この城は、帝国に見捨てられた。王国軍と相打ちになって滅ぶことを命じられた城と人々が、生き延びることができる。それだけで、ミランダは十分だった。
「ここはとても雰囲気がよくて、居心地のいい城だ。しばらくここで兵を休めて王国からの支援物資も届き次第、帝都に向かって進軍する。……そのとき、魔道学院の生徒を数名借りたい」
「……戦力としてですか」
思わずミランダが声を震わせると、シリルは「いや」と首を横に振った。
「それは、僕のほうが君との約束を破ることになる。生徒にはいくらか帝都についての質問をしたり道案内を頼んだりするほか、進軍の際のサポートをしてもらう。我が軍には、魔術師がいない。魔術師は炎や水を生じさせられるだろうから、それで後方支援を頼みたい。帝国軍と学生が交戦することなどは、絶対にさせないと誓う」
「……そういうことなら」
ミランダはほっとしてうなずいた。
魔術は戦闘だけでなく、生活でも非常に助けられる。
王国には魔術師が生まれにくいから、生活に必要な水を出したり炎で暖を取ったりできれば、平和的な形で王国軍に協力できる。

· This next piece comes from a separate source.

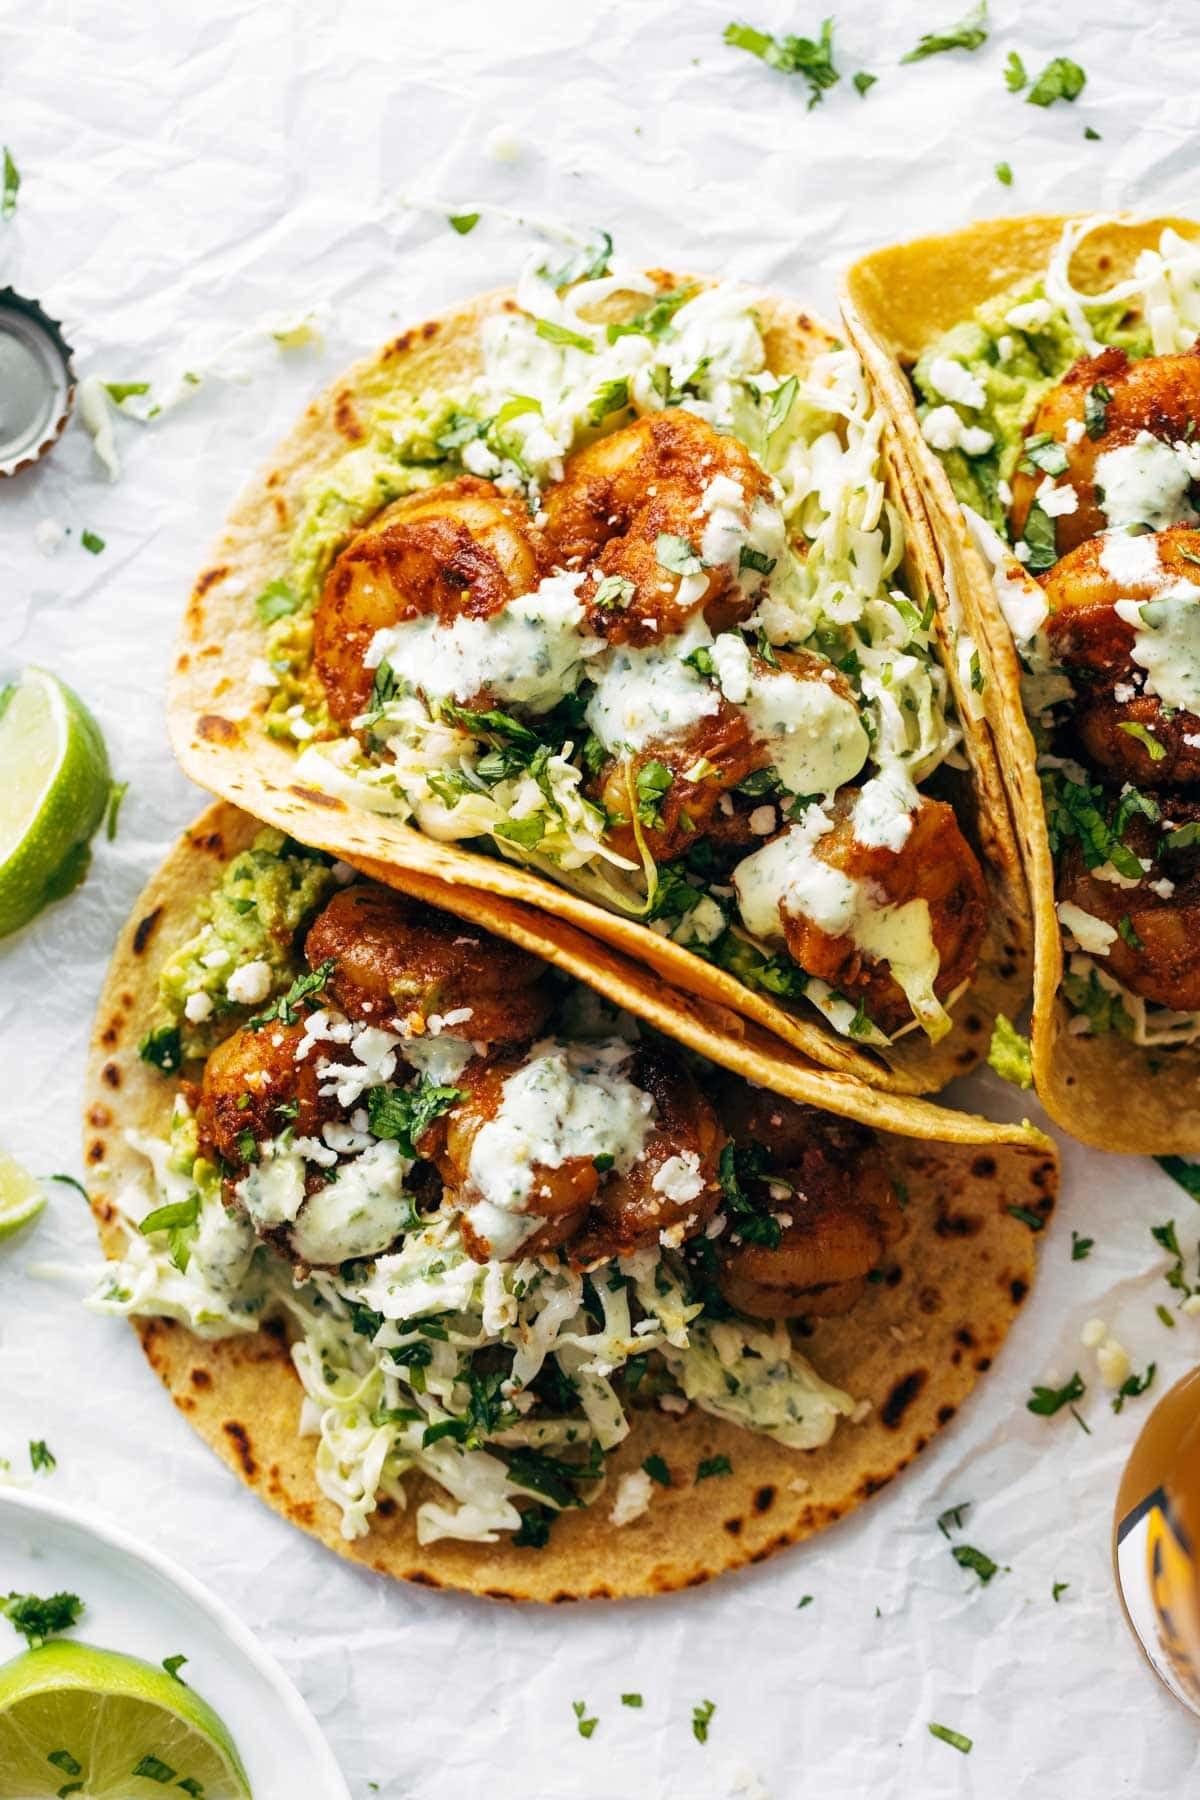 Shrimp tacos with slaw.

「ありがとう。魔道学院の生徒については、男子生徒を中心に選ぼうと思っている。そのときには君にも、意見を聞きたい」
「もちろんでございます。……あの、私が行くことは――」
「だめだ。……君はお腹の子のためにも、この城に残るんだ」
念のために尋ねると、シリルは険しい表情で言った。
「三ヶ月ほど前に妊娠したということだから……生まれるのは、来年の春の終わり頃だろうか。君は出産に備えて、ゆっくり過ごすんだ。赤ん坊が生まれる頃には、僕もよい報告を手にここに帰ってこられるようにする」
そう言ってシリルが微笑むので――不覚にも、ミランダの胸がきゅんと高鳴った。
言えない、言えるはずがない。
この子は、あなたの子なのです。三ヶ月前に自分たちは密かに会っていて、そのときにできた子なのです――なんてことは。
シリルには、三ヶ月前に会った記憶がない。さらに彼は、ミランダが嘘設定としてレベッカに言ったとおりのシナリオを信じているのだから。
彼の気遣いと優しさは嬉しいのだが――
「……どうしてここまで、優しくしてくださるのですか?」
ミランダが小声で問うと、シリルは少し目を見開き……そして、どこか寂しげに笑った。
「……昔、僕は君の世話になった。そんな君には幸せになってもらいたい。君の子を祝福したいと思っているからだ」
「殿下……」
「懐妊おめでとう、ミランダ。……ゆっくり休んで、元気な子を産むんだよ」
そう言うシリルの笑顔はまぶしいが、同時に少しだけ陰があるようにも思われたのだった。